Material for the task:
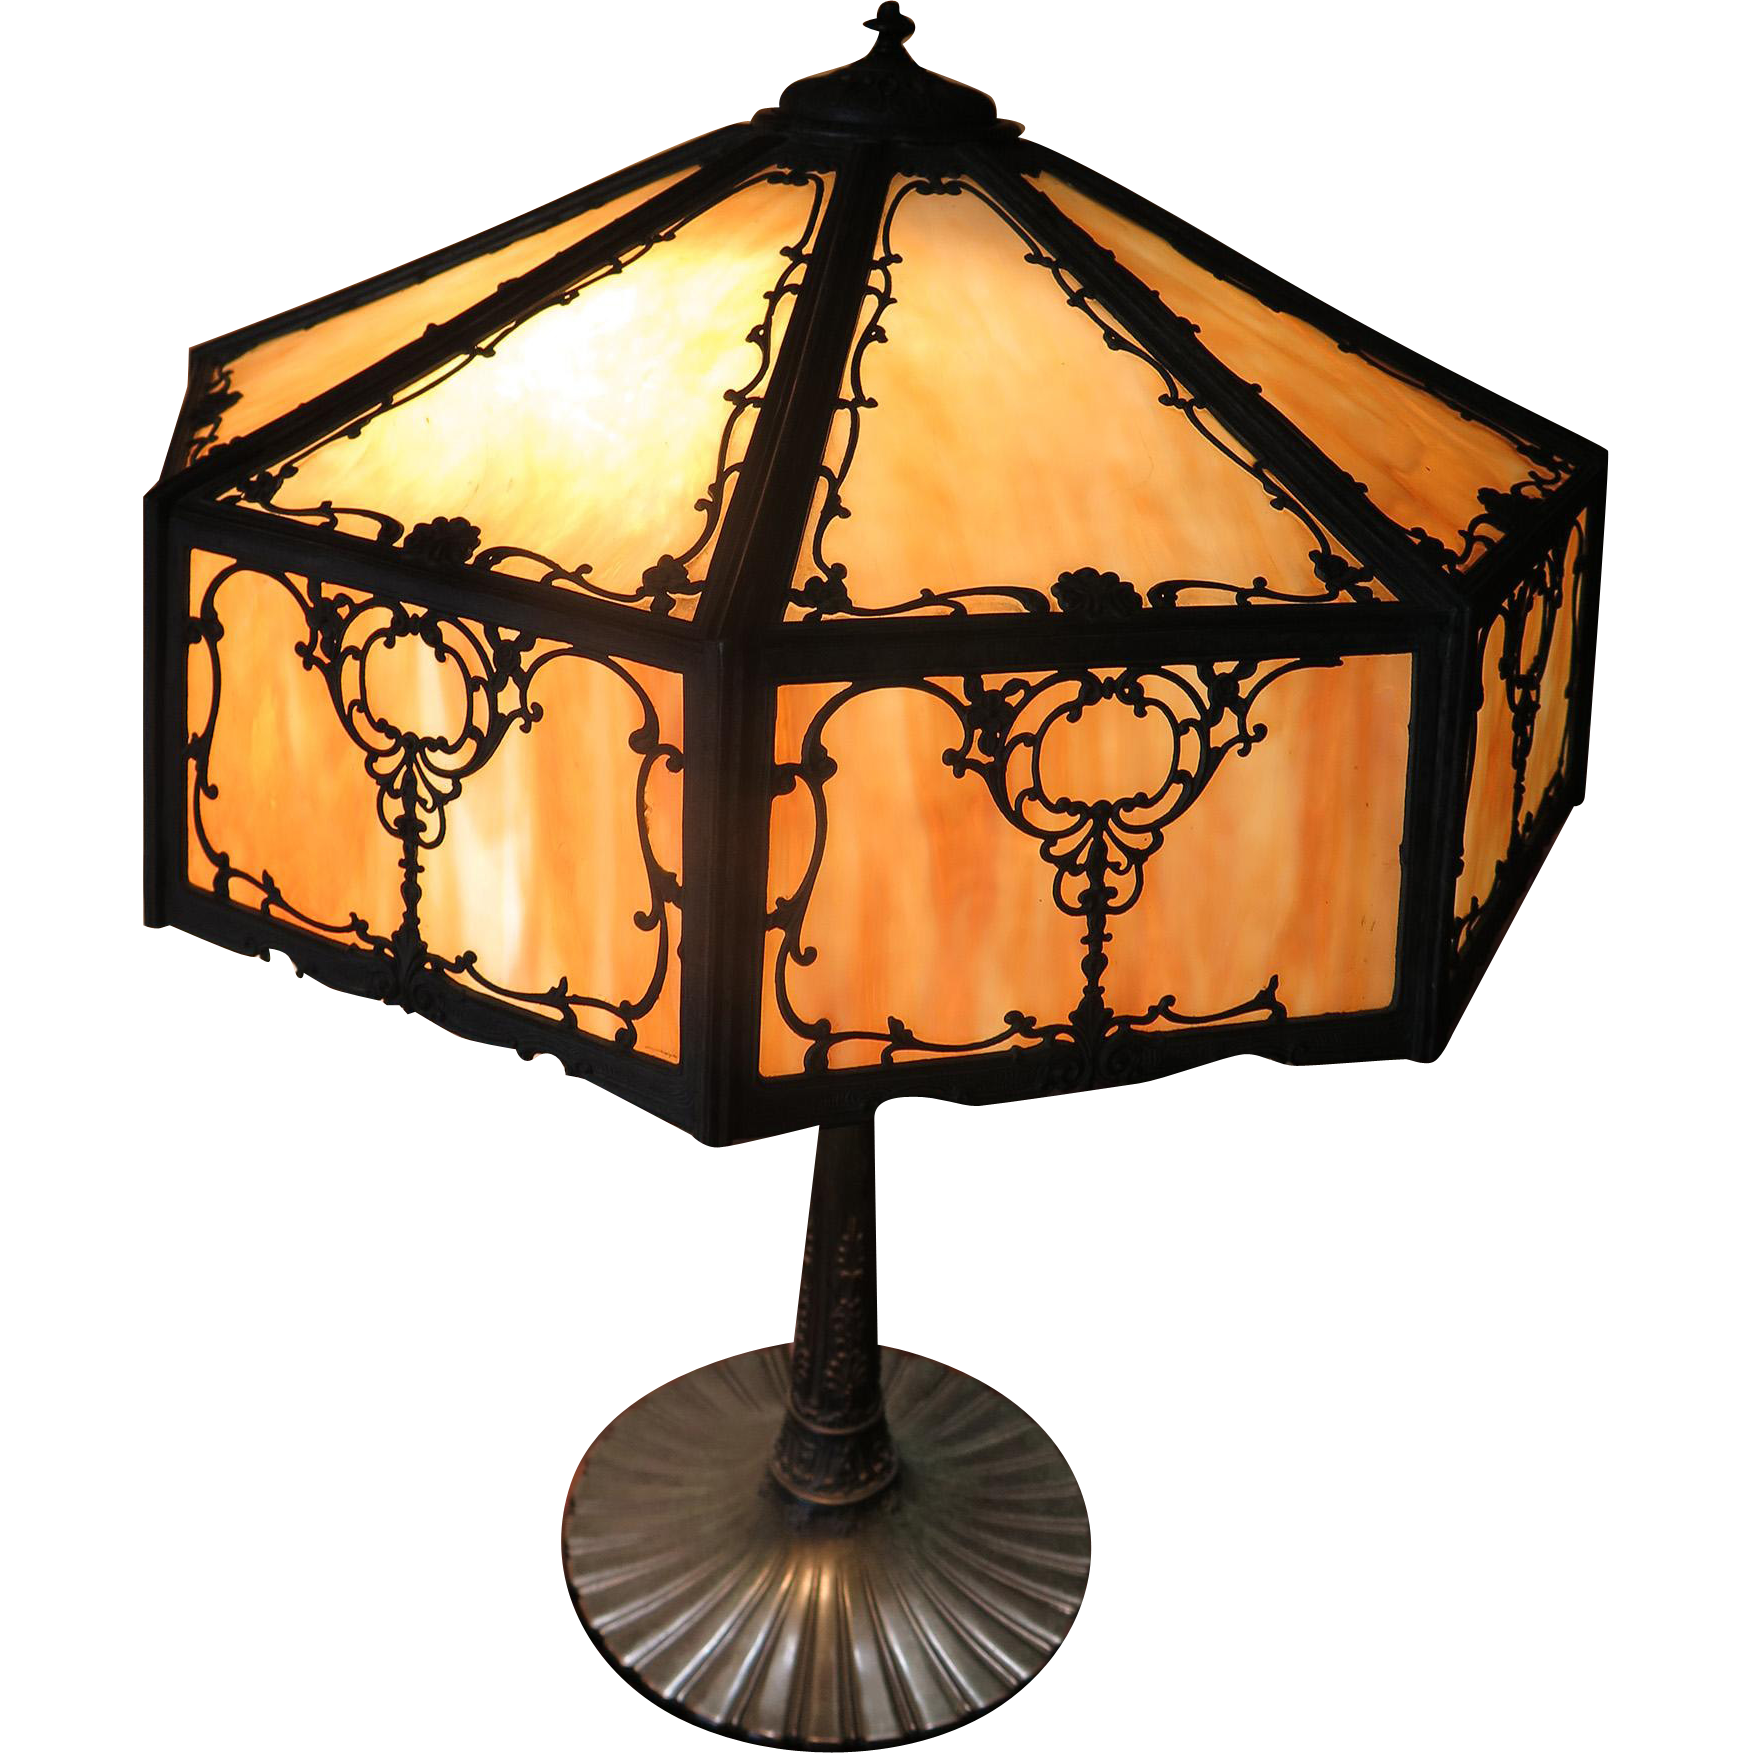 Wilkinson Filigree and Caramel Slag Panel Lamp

==

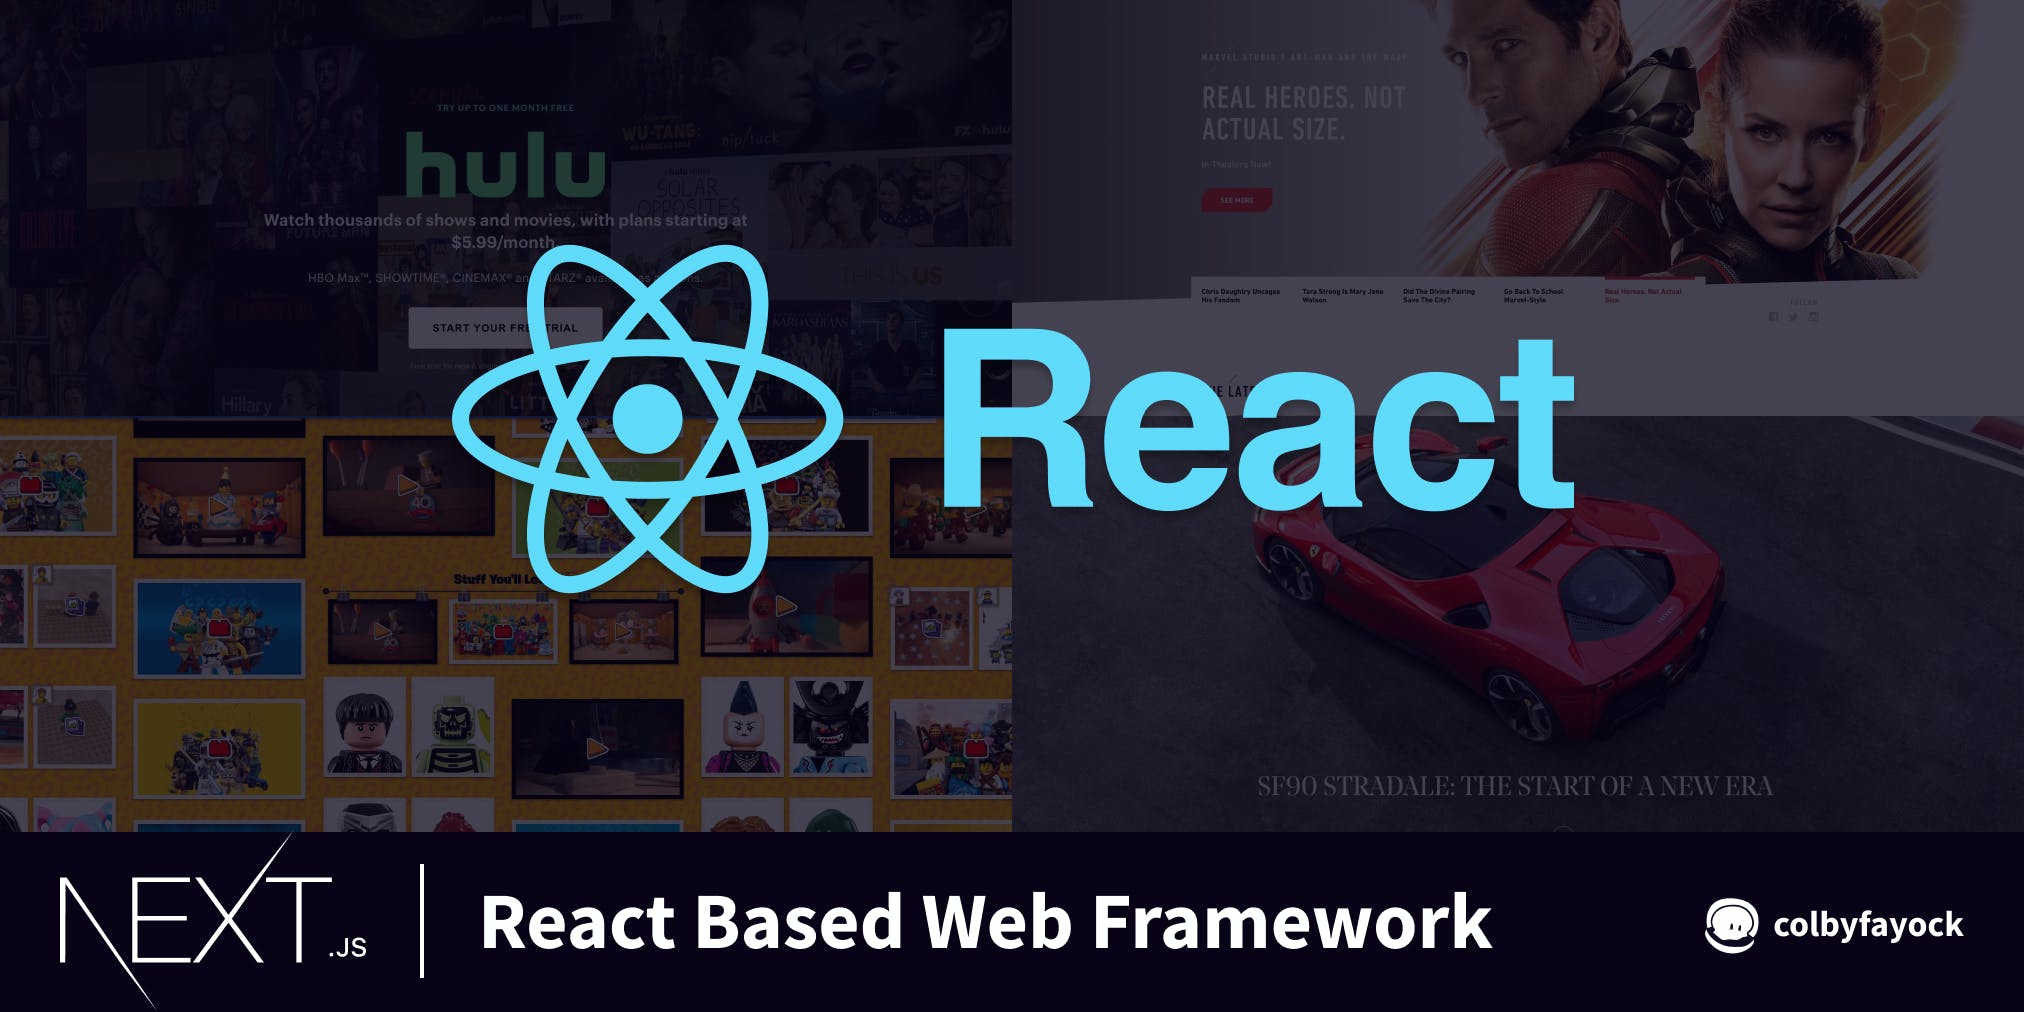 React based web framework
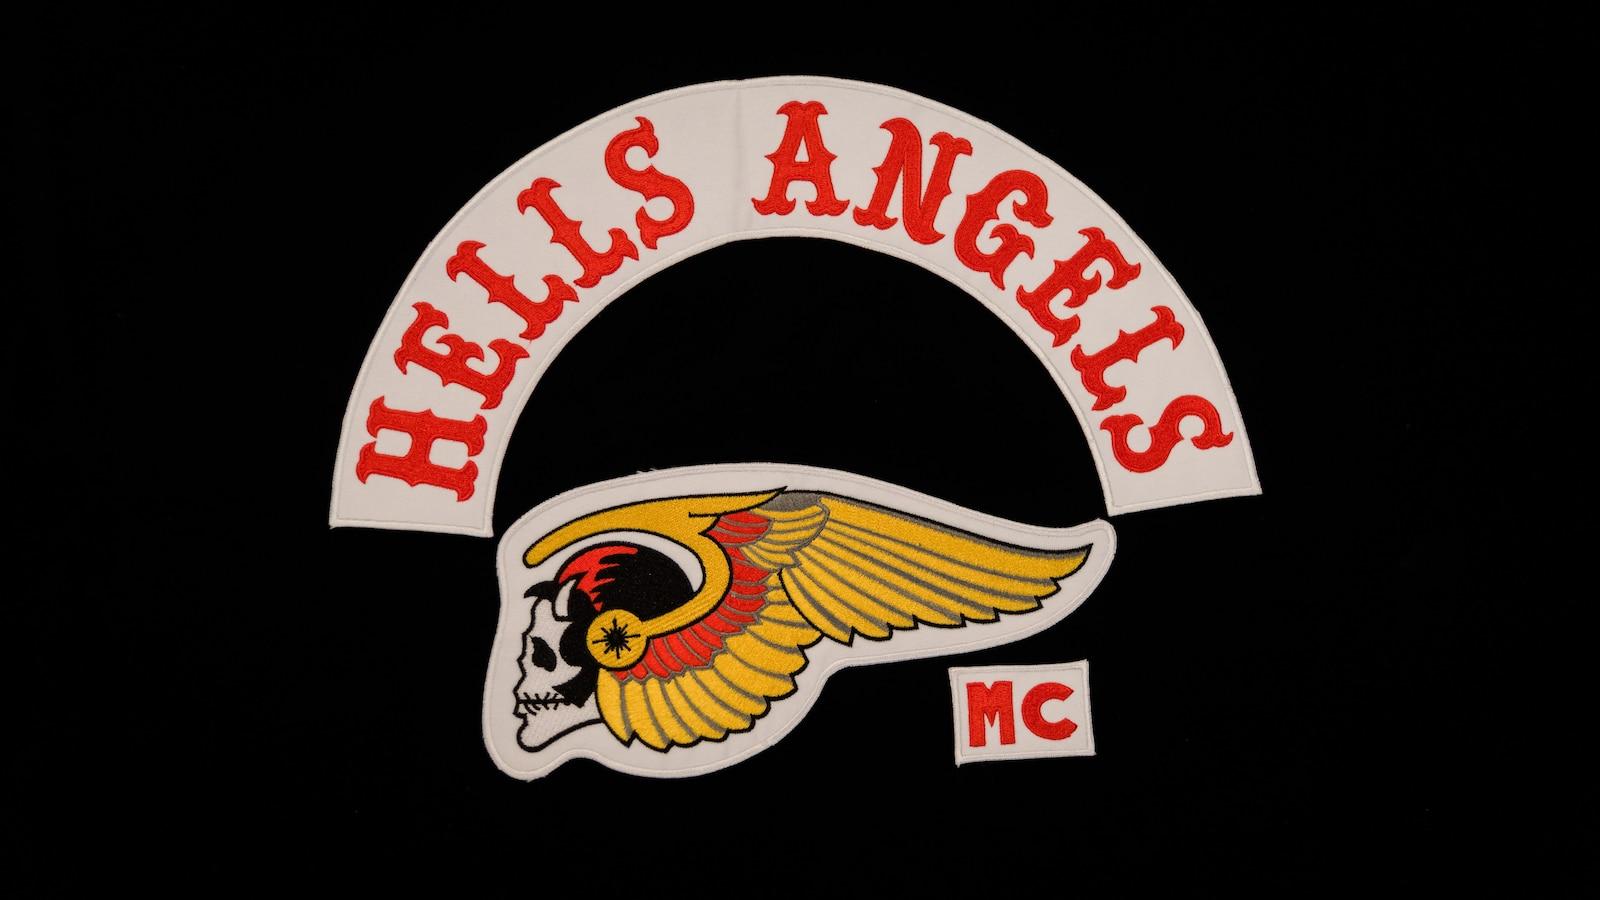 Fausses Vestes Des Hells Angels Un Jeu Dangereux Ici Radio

Assigned task: Find where the line with "React based web framework" sits in the material above and where the line with "Fausses Vestes Des" sits. Set down exactly the lines from the first to the second, both included and nothing else, without pictures.

Output for this task:
 React based web framework
 Fausses Vestes Des Hells Angels Un Jeu Dangereux Ici Radio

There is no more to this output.